*** Opening Study material ***
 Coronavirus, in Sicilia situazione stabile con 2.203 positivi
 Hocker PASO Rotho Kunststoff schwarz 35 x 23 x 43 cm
*** Closing Study material ***
*** Opening Study material ***
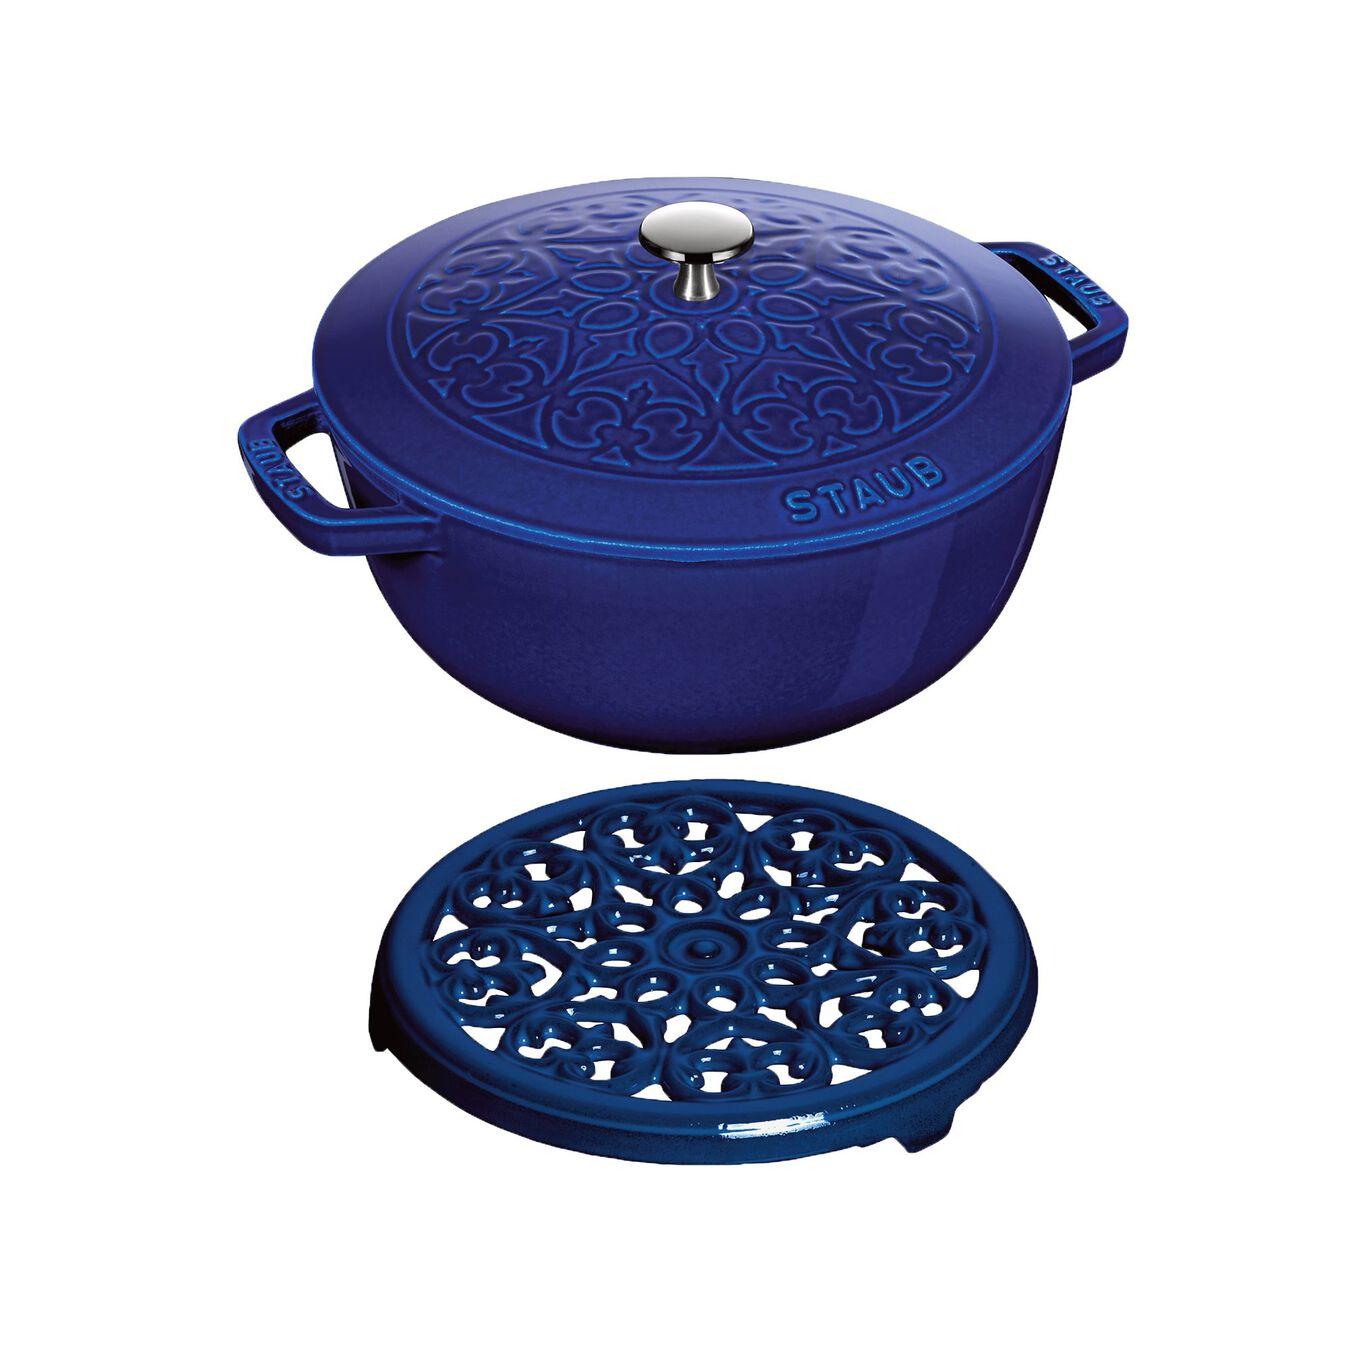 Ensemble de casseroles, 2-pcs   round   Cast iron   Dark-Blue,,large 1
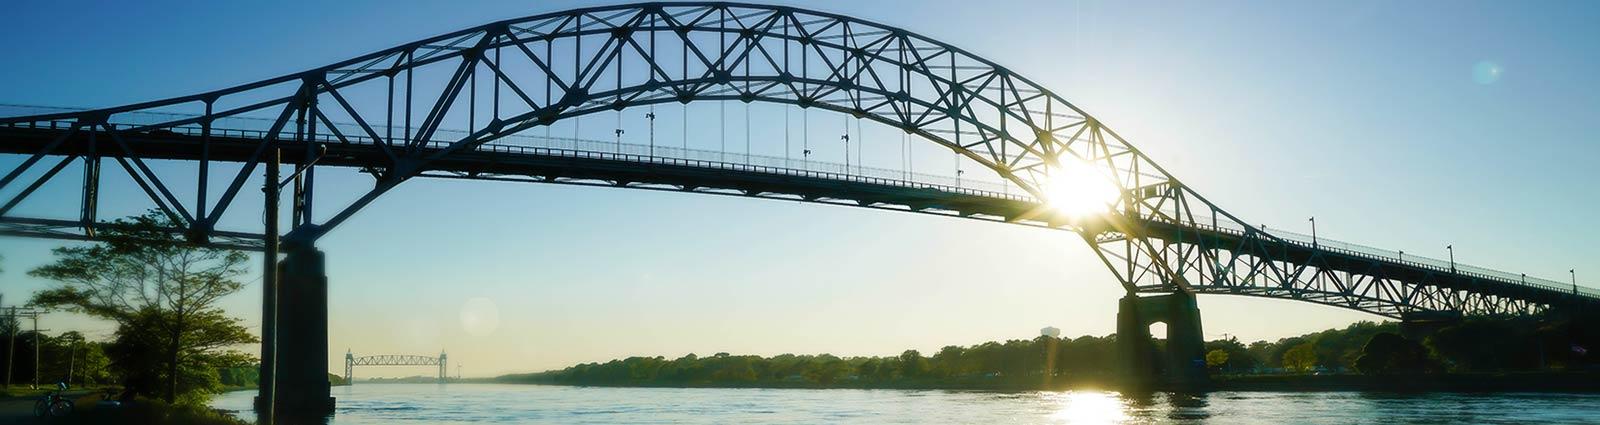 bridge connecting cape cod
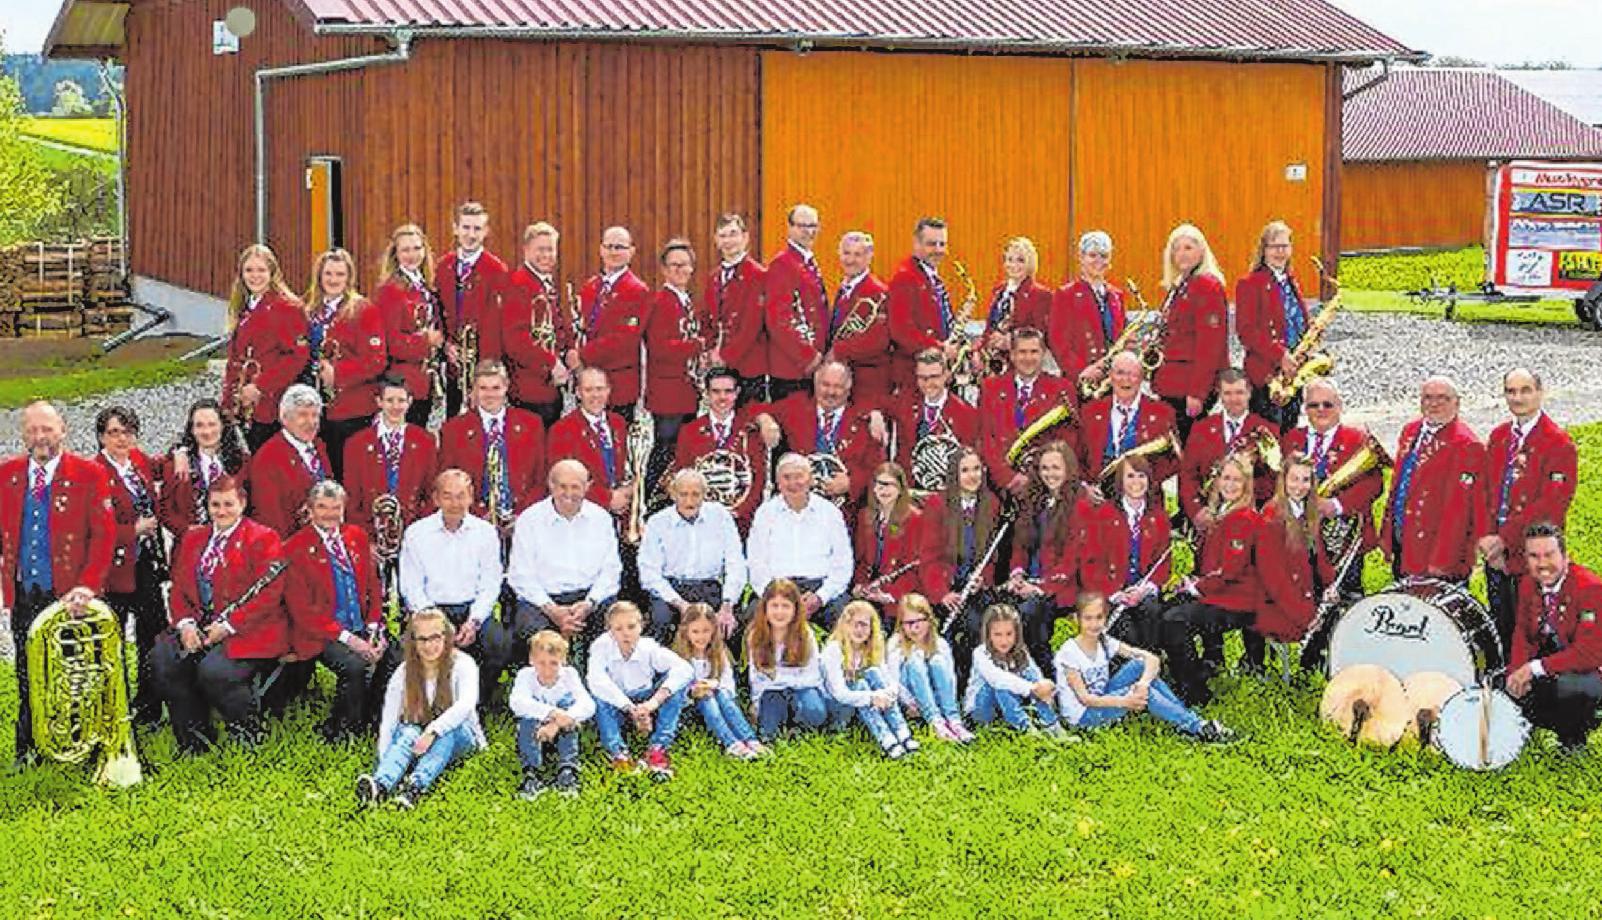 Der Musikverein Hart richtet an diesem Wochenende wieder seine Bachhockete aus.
*** Closing Study material ***
#### [Task requirements]
Repeat exactly the stretch of the listing above that starts with the line holding "Ensemble de casseroles, 2-pcs" and finishes with the line holding "Der Musikverein Hart", both included. Skip every picture.

#### [Result for this task]
 Ensemble de casseroles, 2-pcs   round   Cast iron   Dark-Blue,,large 1
 bridge connecting cape cod
 Der Musikverein Hart richtet an diesem Wochenende wieder seine Bachhockete aus.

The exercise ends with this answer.